He got angry with his wife over some meaningless thing.  She didnt bring the salt that he liked with his Bud Light.  and the fighting began.  I remember being terrified.  I didnt know what to do.  I was a child.

My friend and i went out there and tried to calm him down, get him another drink…anything we could do just to calm him down.  We tried to distract him, she threw herself between them….he just pushed her out of the way and slammed into me.  We both hit the floor.  On the way down i slammed my head into the island and my head started to bleed.  It was real.  I was now in that moment.  I was a victim.  To no avail he was raging, our attempts to calm him down and get him off of his wife were a failure.  He was now mad with all of us.  He started throwing old beer bottles into the walls, through the doors.  Screaming and letting us know that if he didnt get his way none of us were walking out of there….at least not alive.  He began to ruthlessly beat his wife and wouldnt let us leave the room.  He made us stay and watch as he Slammed her against the wall and then into the washer and dryer.  I remember be too scared to cry.  Just sitting shaking, knowing that there was no way i could stop this without getting harmed myself.

The blood was pouring out of her nose and out of my head.  But it was like we were stuck.  We couldnt do anything but watch.  In fear that our lives would be done.  At 13.

His 6′1″ frame against her 5′1″ frame.  The beating continued for what felt like an eternity.  In my head i know it was only 10 minutes.  His wife was laying on the floor.  I can remember it so clearly.  She was hudled in the fetal position with her stomach towards the washer and dryer in the hall.  She was yelling, pleading with him to stop.  That she was defeated and would do anything for it to stop.

I remember he calmly walked over to the couch.  Under the cushion is where he kept his revolver.  He walked over and pulled out his revolver and like times before.  He walked back over to her, but in passing us he waved the gun in our faces threatening to pull the trigger.  If we said anything or tried to stop him he would pull the trigger.  We watched him walk over to his wife who was on the floor, stand her up and hold the gun to her.  The look in his eyes was one i imagine the darkest person to ever have.  Once he stood her up he told her that if she ever fought him again, or didnt do what she knew was needed he would do it.  No excuses this time.

And in my gut, i know he was serious.  I know he would have.

He didnt do it that night, and i dont think he has done it, but the threat was there, and for me the threat was enough.

The terror…the disrespect for another humans life…a wife, a mother, an aunt….a person.

I remember in the moment the terror that wrapped us all in the apartment.  I felt stuck.  I felt alone.  I felt like i wanted to get out and didnt have the strength to stand up and run.

As i recall this sitting in a safe place years down the road my heart is racing and i am sickened.  The sheer abuse of another human being sickens my stomach and makes my heart race.

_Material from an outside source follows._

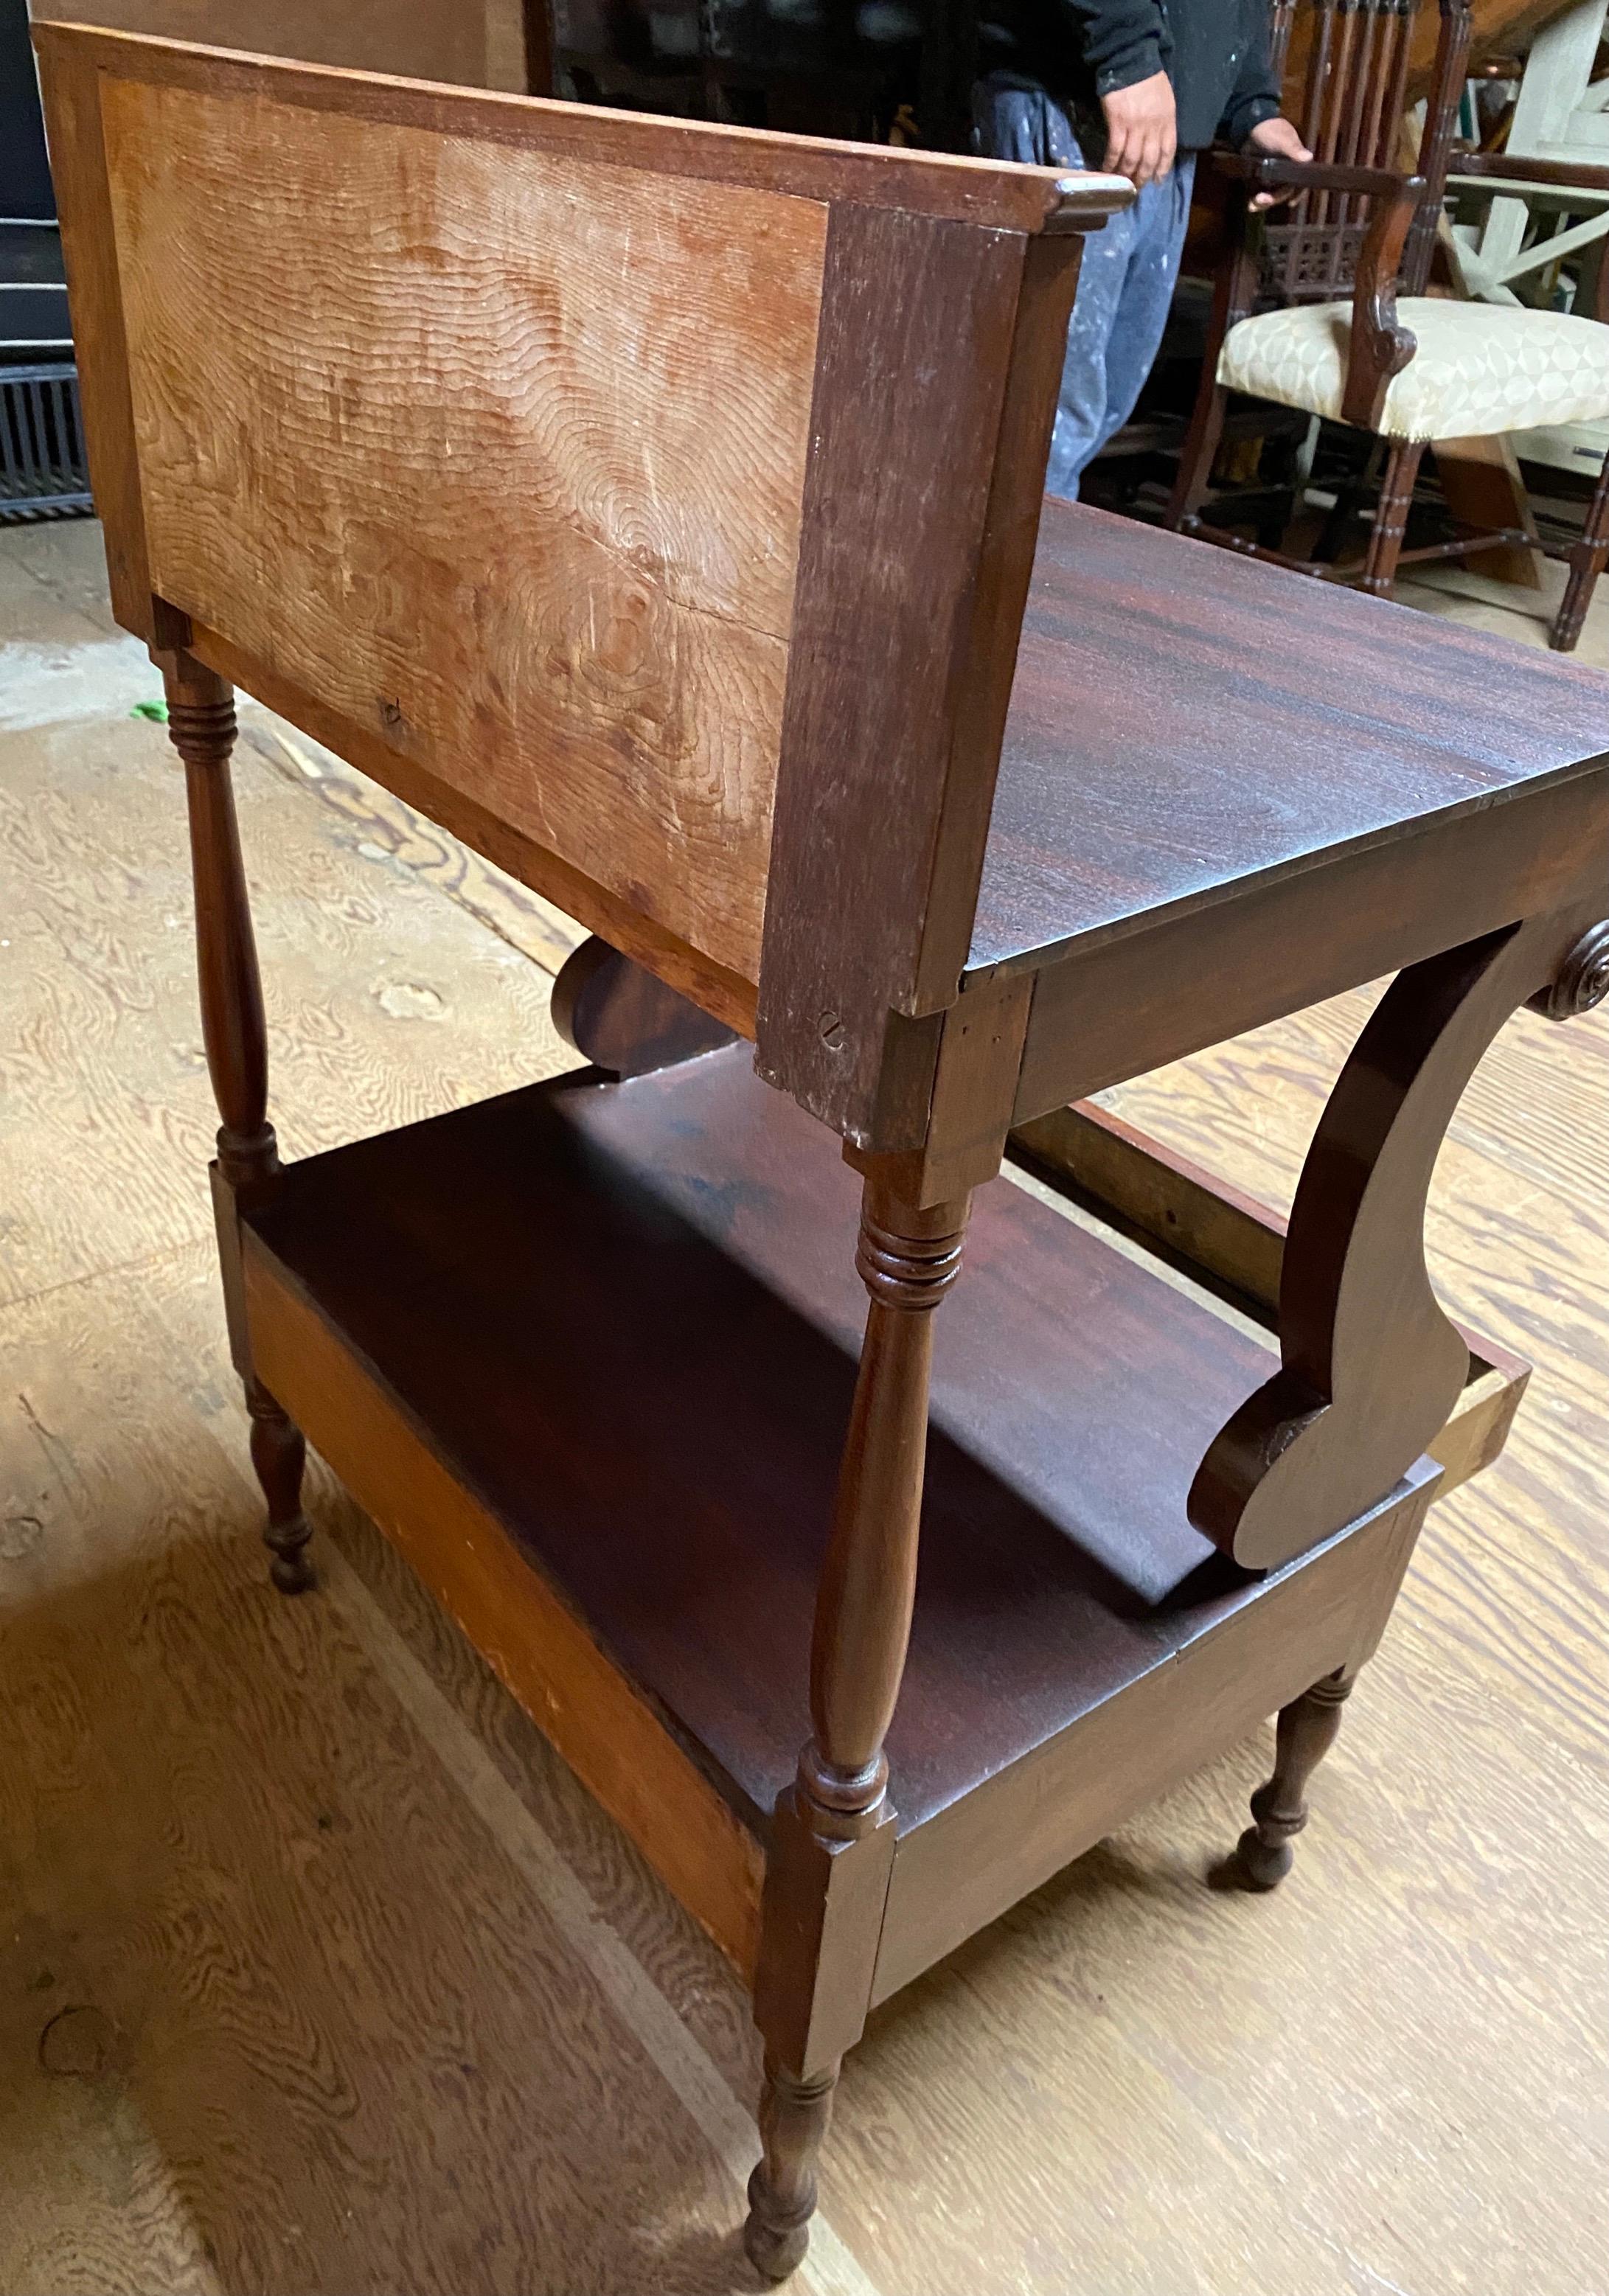 Hand-Crafted Antique Washstand

Things later calmed down and we all went to bed.  His wife took a shower and cleaned up.  Her eyes black and her nose visibly broken.  My head stopped bleeding and it was not a bad cut, just enough to bleed.

The next morning we all woke up and everything was normal.  Like that never happened.  Like the things that we saw and were a part of the night before was all a dream, rather a nightmare.  Like a movie that we watched.  But i had a headache and his wife was still bruised and sore.

But things were never the same.  I had looked into the eyes of darkness…i had seen pain, abuse, violence at 13.

His wife never said anything outside of the house or to authorities and i have since lost contact with them. But the days i think about them and this story i wish that she would have said something.  I wish that i would have said something….maybe it would have stopped for her.  Maybe the one place she was supposed to feel safe might become safe to her.

Sadly, most of these situations dont end like this.  A lot of them end in death, arrests or long drawn out court cases. I write this not to talk about the things that i have been through but to show that even people you may not know have a tie to domestic violence.  It can effect people all around you…and they may just be living in silence.

The Women’s Fund of Birmingham is taking today, October 7th to ask bloggers to blog about domestic violence…to raise awareness about this issue and help them raise money to help their cause.

I would love for you to click over to their site, see what they do…donate if you can.

If you can, there will be live interviews and such if you click here between 3-7:30PM (Central Time)

I will let you know if there are any more events and interviews you can watch tomorrow via twitter…so if you dont follow me you can follow me here.

Have you or anyone you known been directly effected by domestic violence?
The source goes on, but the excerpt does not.